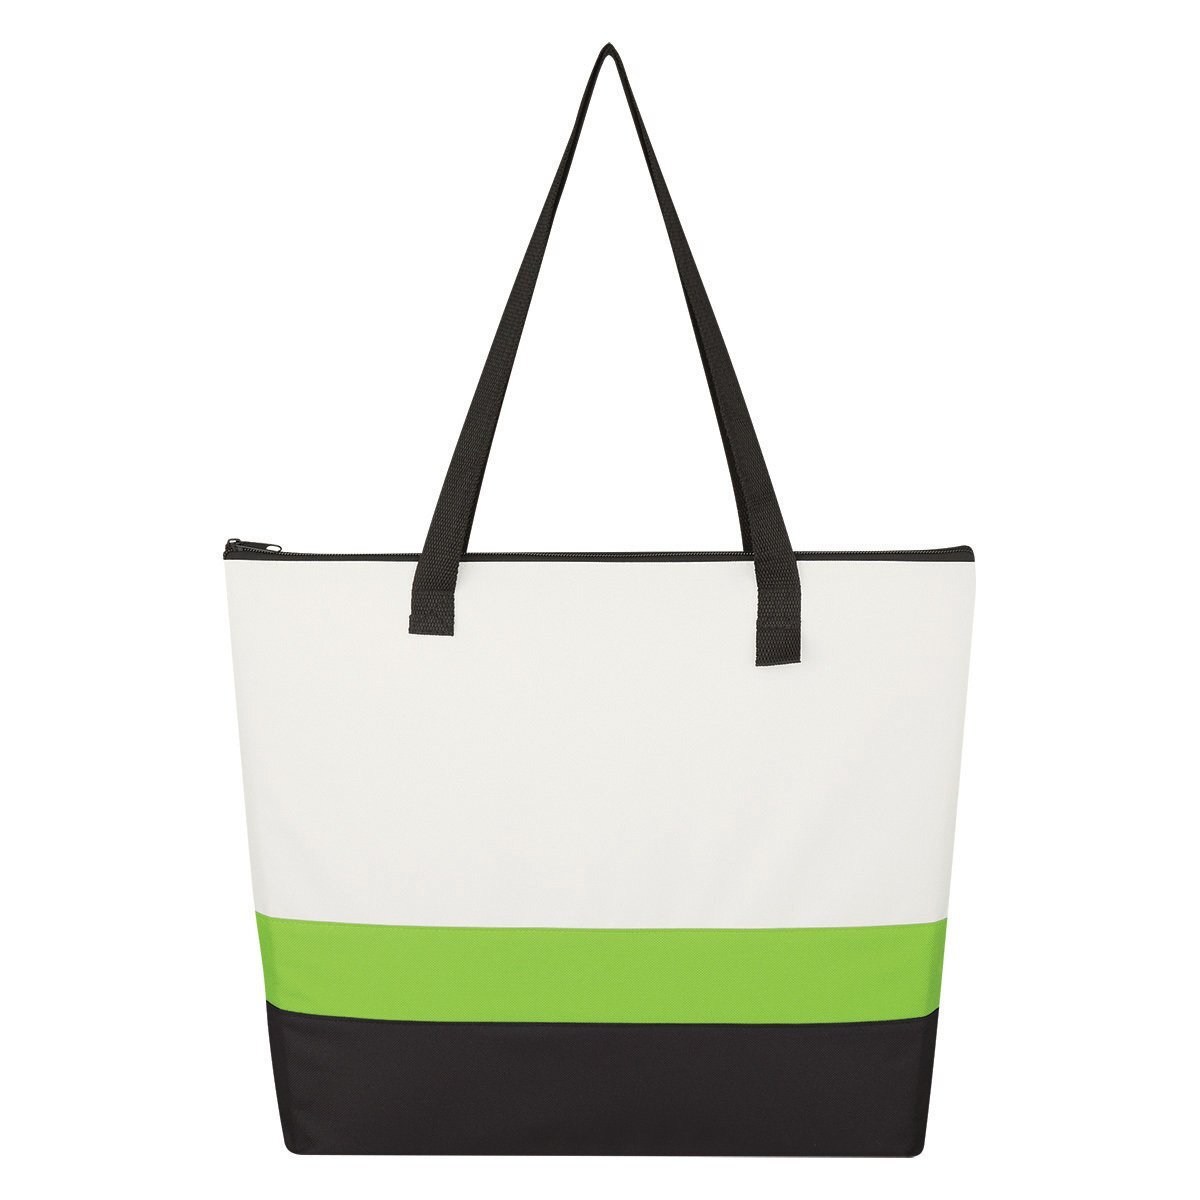 Affinity 600D Bold Stripe Tote Bag
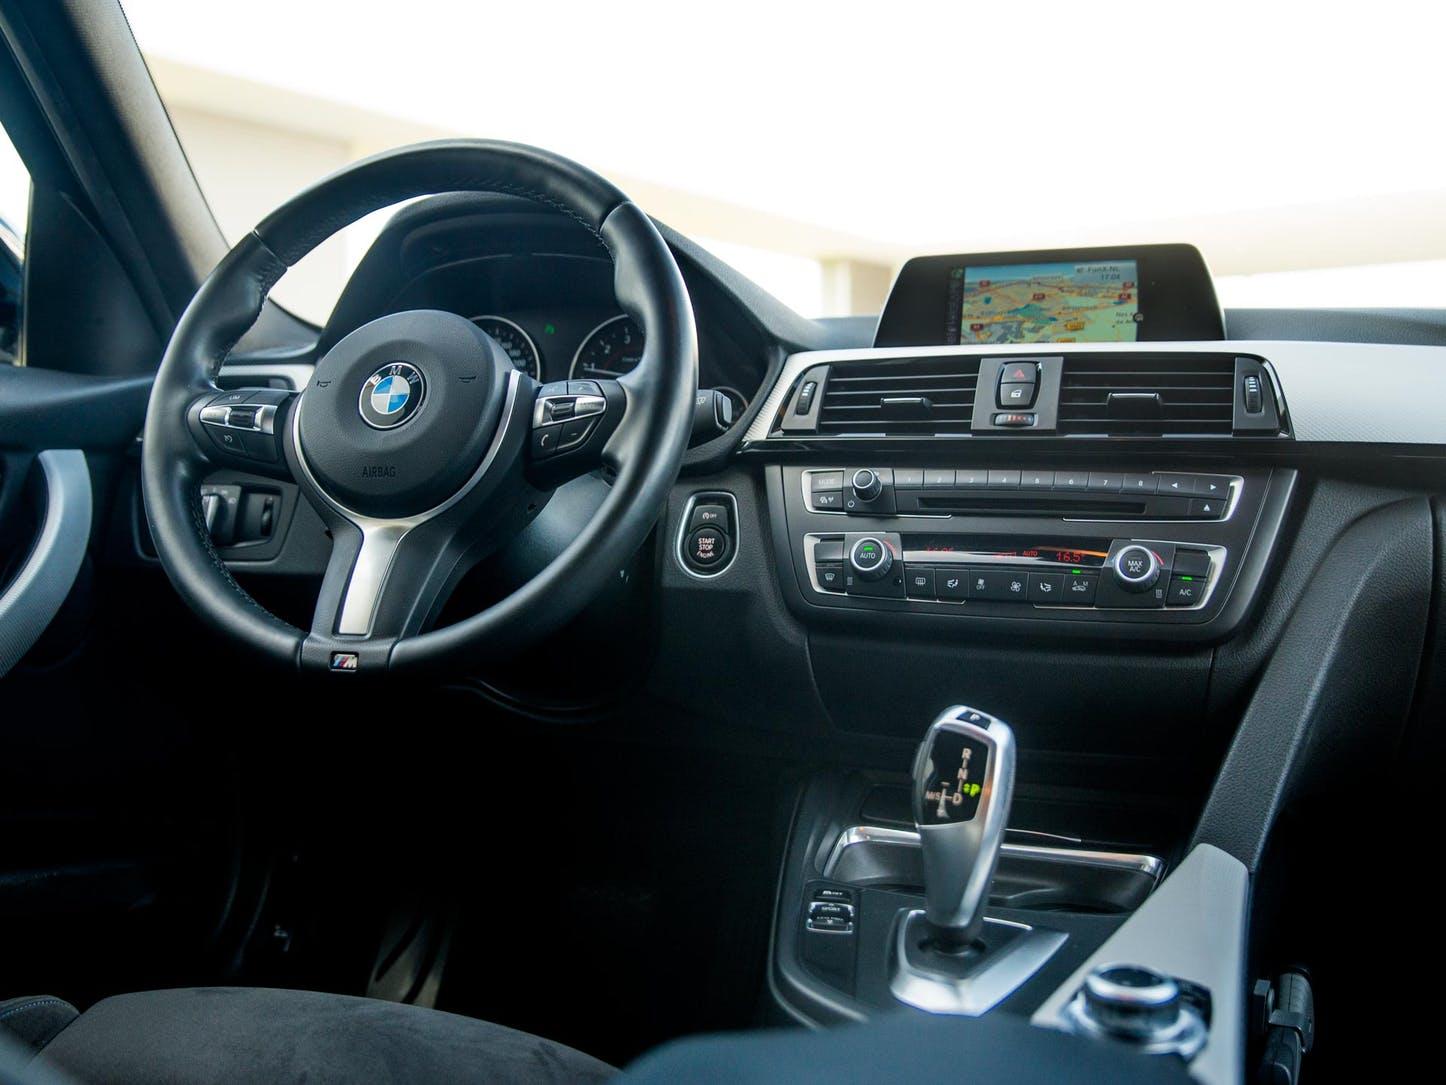 Tweedehands BMW 3 Serie 316i occasion
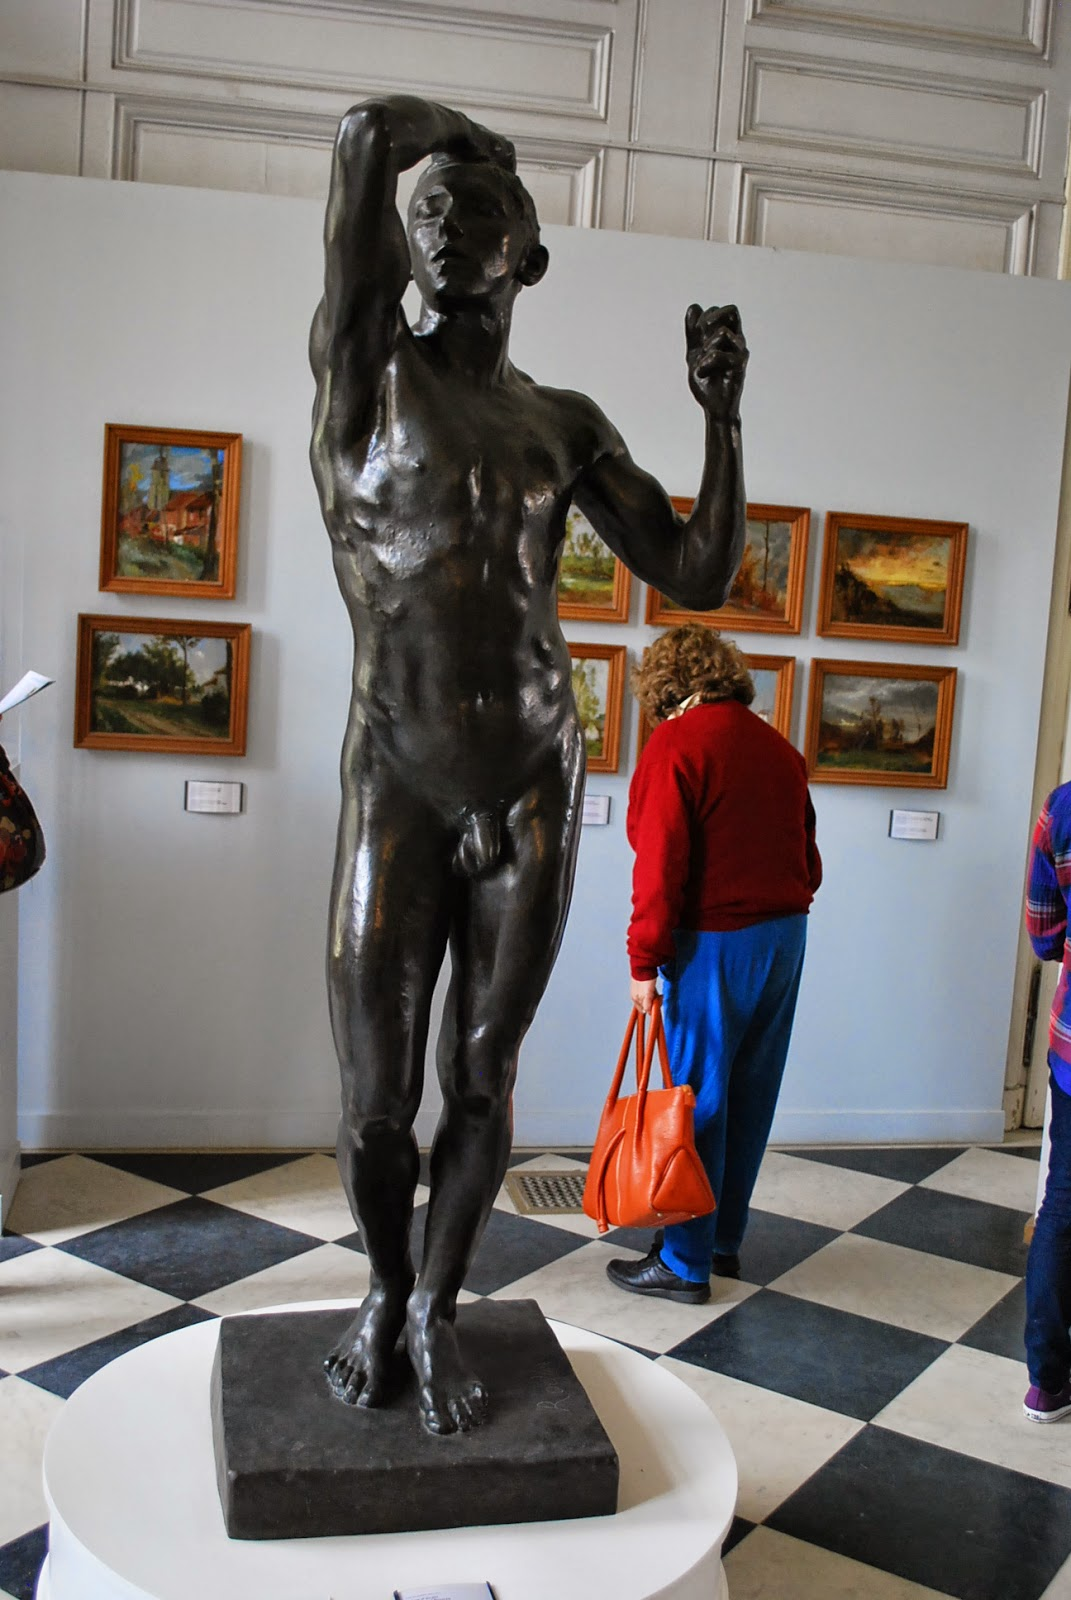 Rodin, L'âge d'airain
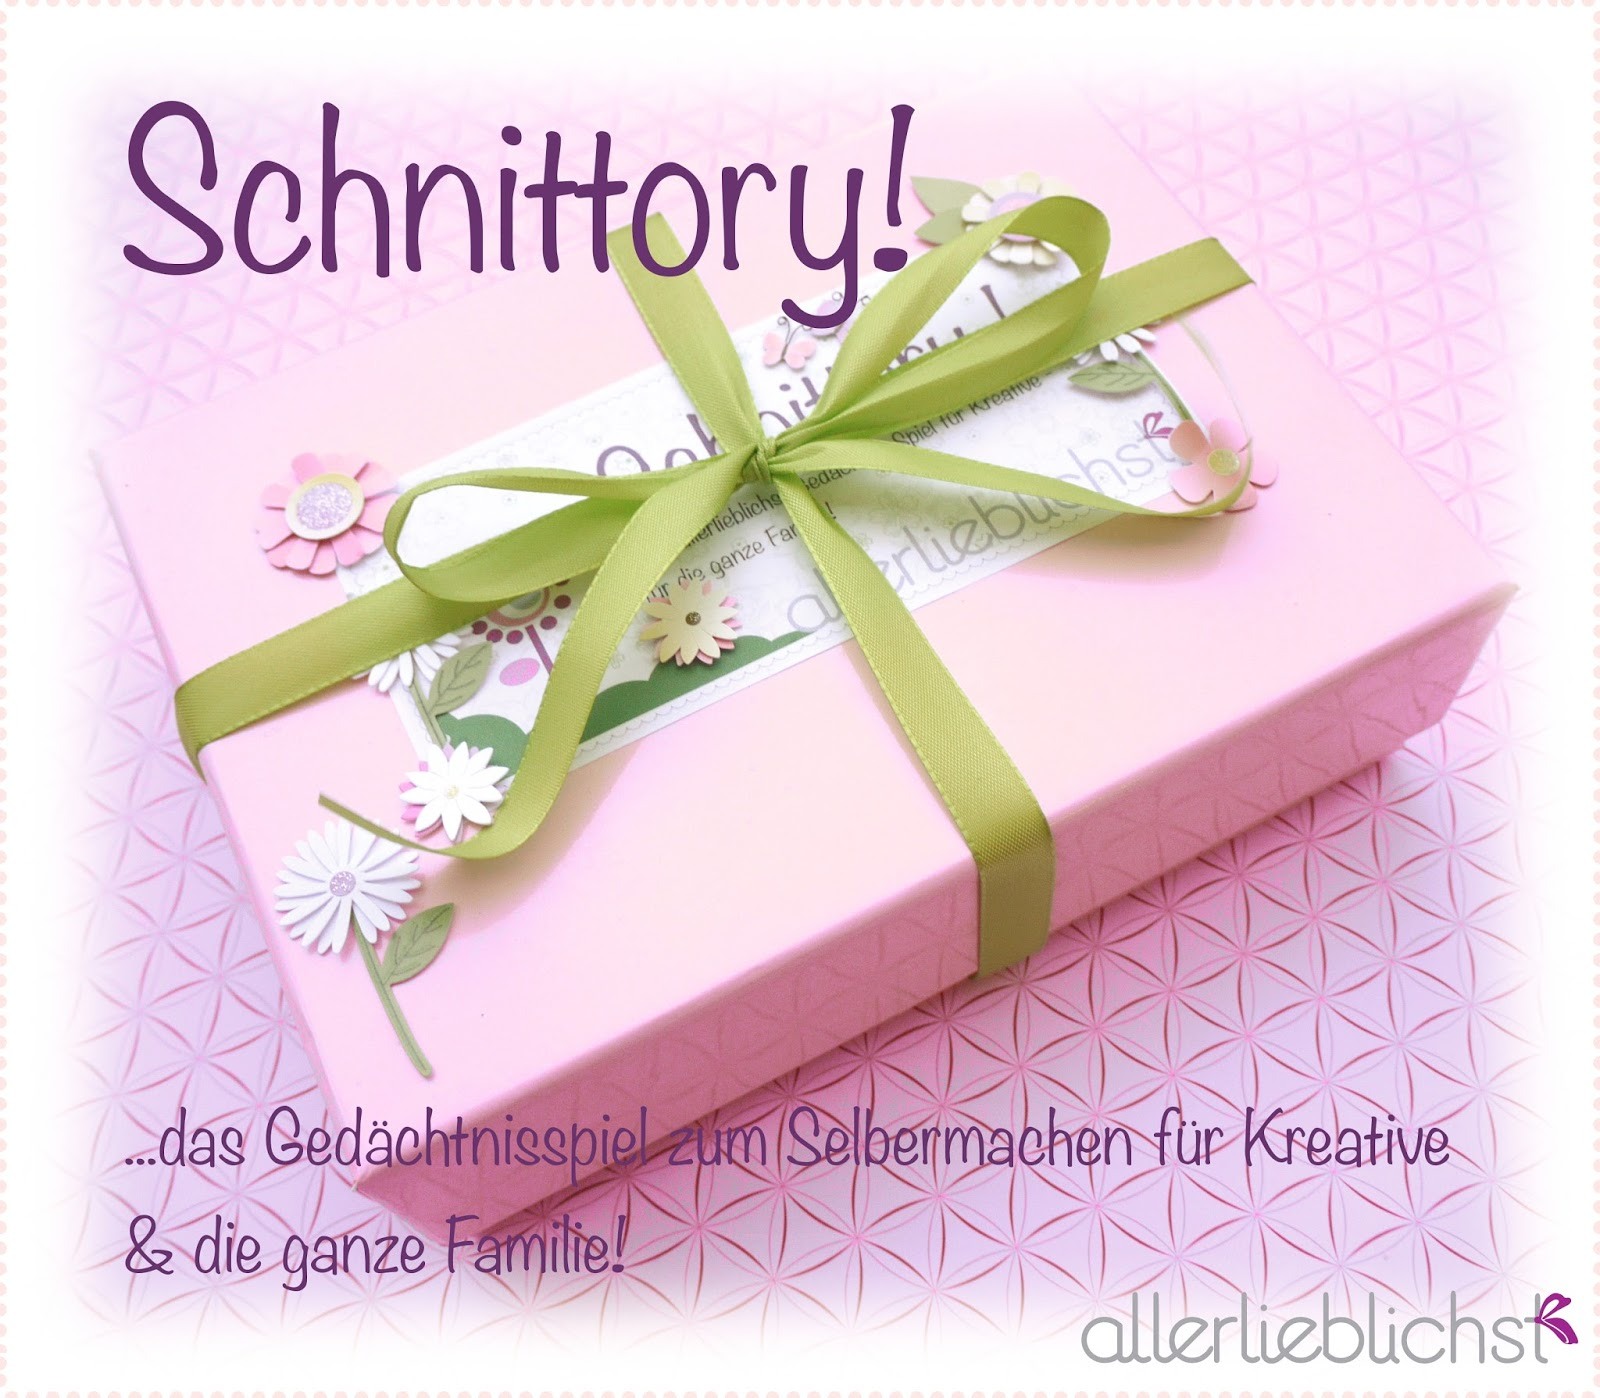 zum gratis Download Schnittory!
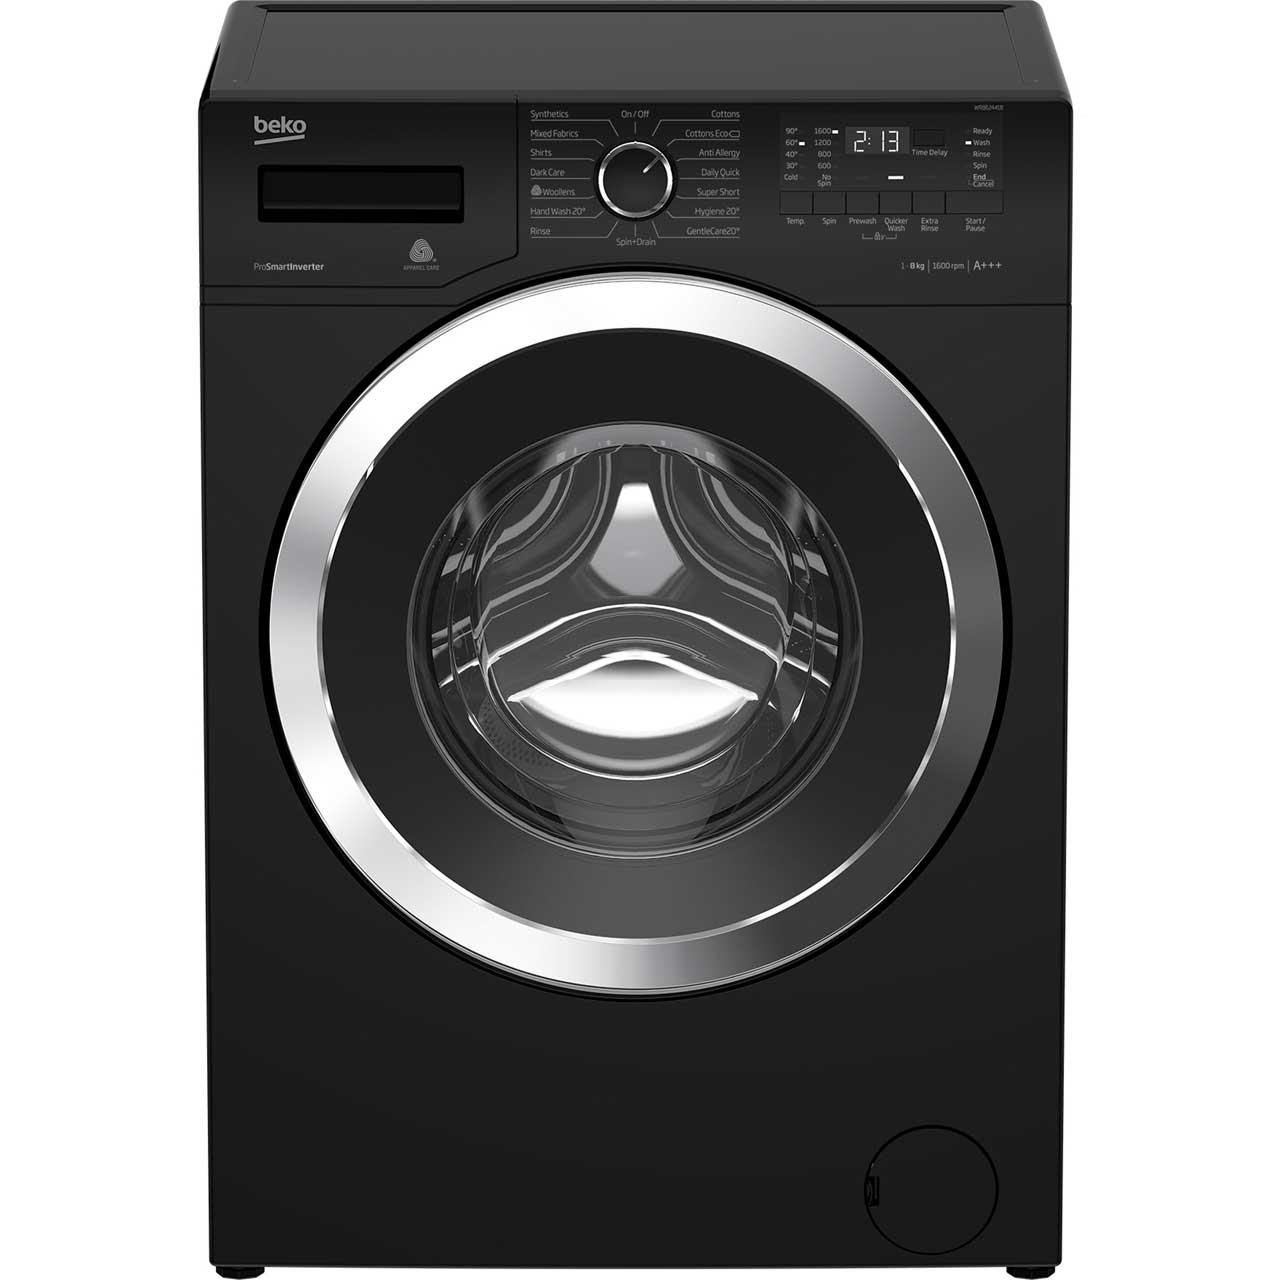 Beko WR862441B Free Standing Washing Machine in Black

::::::

--- TASK TO CARRY OUT ---
The response must restate exactly the lines from the one containing "Tweedehands BMW 3 Serie 316i occasion" through the end of the records above and must leave out all pictures.

--- REPLY ---
 Tweedehands BMW 3 Serie 316i occasion
 Rodin, L'âge d'airain
 zum gratis Download Schnittory!
 Beko WR862441B Free Standing Washing Machine in Black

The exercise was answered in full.